Besides the design of a robotic medium , we need to develop new technologies to allow people to easily use them as an effective communication media. Normally, teleoperated robots require complex operation and their human interface aspects have rarely been examined, as they are currently used only in specialized areas such as large-scale construction or the exploration of hazard scenes. Besides, when creating communication media for daily use, the robotic body needs to be portable and compact, and only a limited space is available to embed the equipment (such as actuators) that make up a robotic medium . In light of these requirements, we need new means to implement the necessary functionalities for sonzaikan media.

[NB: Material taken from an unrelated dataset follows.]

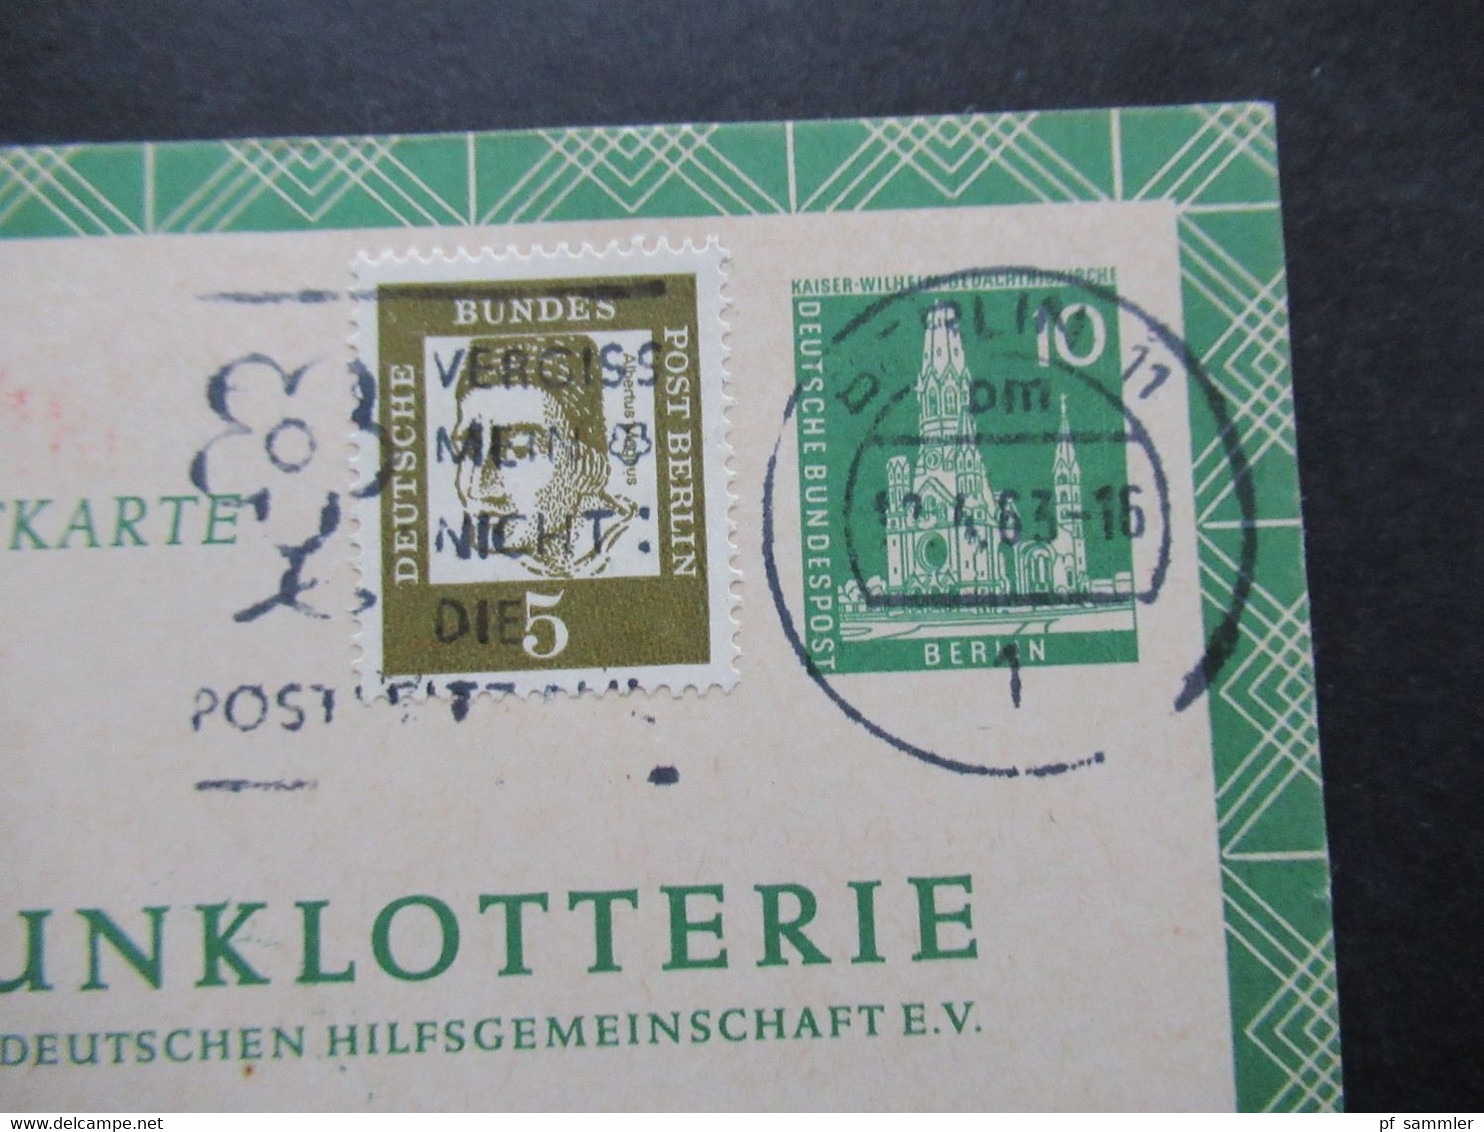 Berlin 1961 Funklotterie Postkarte FP 5 Mit Zusatzfrankatur Bedeutende Deutsche Sonderfrage Struwelpeter - Storia Postale

After developing a new medium, it remains unclear how people will treat it because it provides new experiences for them. In this case, we must observe a variety of interactions between ordinary people and the medium in actual situations to generate and test several hypotheses. Field studies are essential to investigate which features of the medium contribute to sonzaikan . They also provide new ideas about media design and improvement. At the same time, experiments under controlled conditions must be conducted to verify the discovered hypotheses and to evaluate the media’s effect. The verification and evaluation results are useful in terms of identifying possible applications and improving the media to enhance sonzaikan .

Once we identify the important features to enhance the feeling and the problems to be solved in the existing media through observation using case studies and evaluation of the media, the process focuses on system development. To this end, we develop new media with fewer features and new technologies to confirm and improve the effect of the features or to explore elements to enhance the feeling. We again observe the effect of the developed media using case studies and evaluate them through laboratory experiments.

In the following sections, we first describe the definition of sonzaikan , which forms the core concept of this study. In Sects. 2.3 and 2.4 we describe our implementation of sonzaikan media prototypes and their supporting technologies. Section 2.5 introduces studies evaluating sonzaikan media, and various field studies using the developed prototypes are described in Sect. 2.6. We then discuss the results and conclude the article with a brief summary of our essential findings and a mention of future work.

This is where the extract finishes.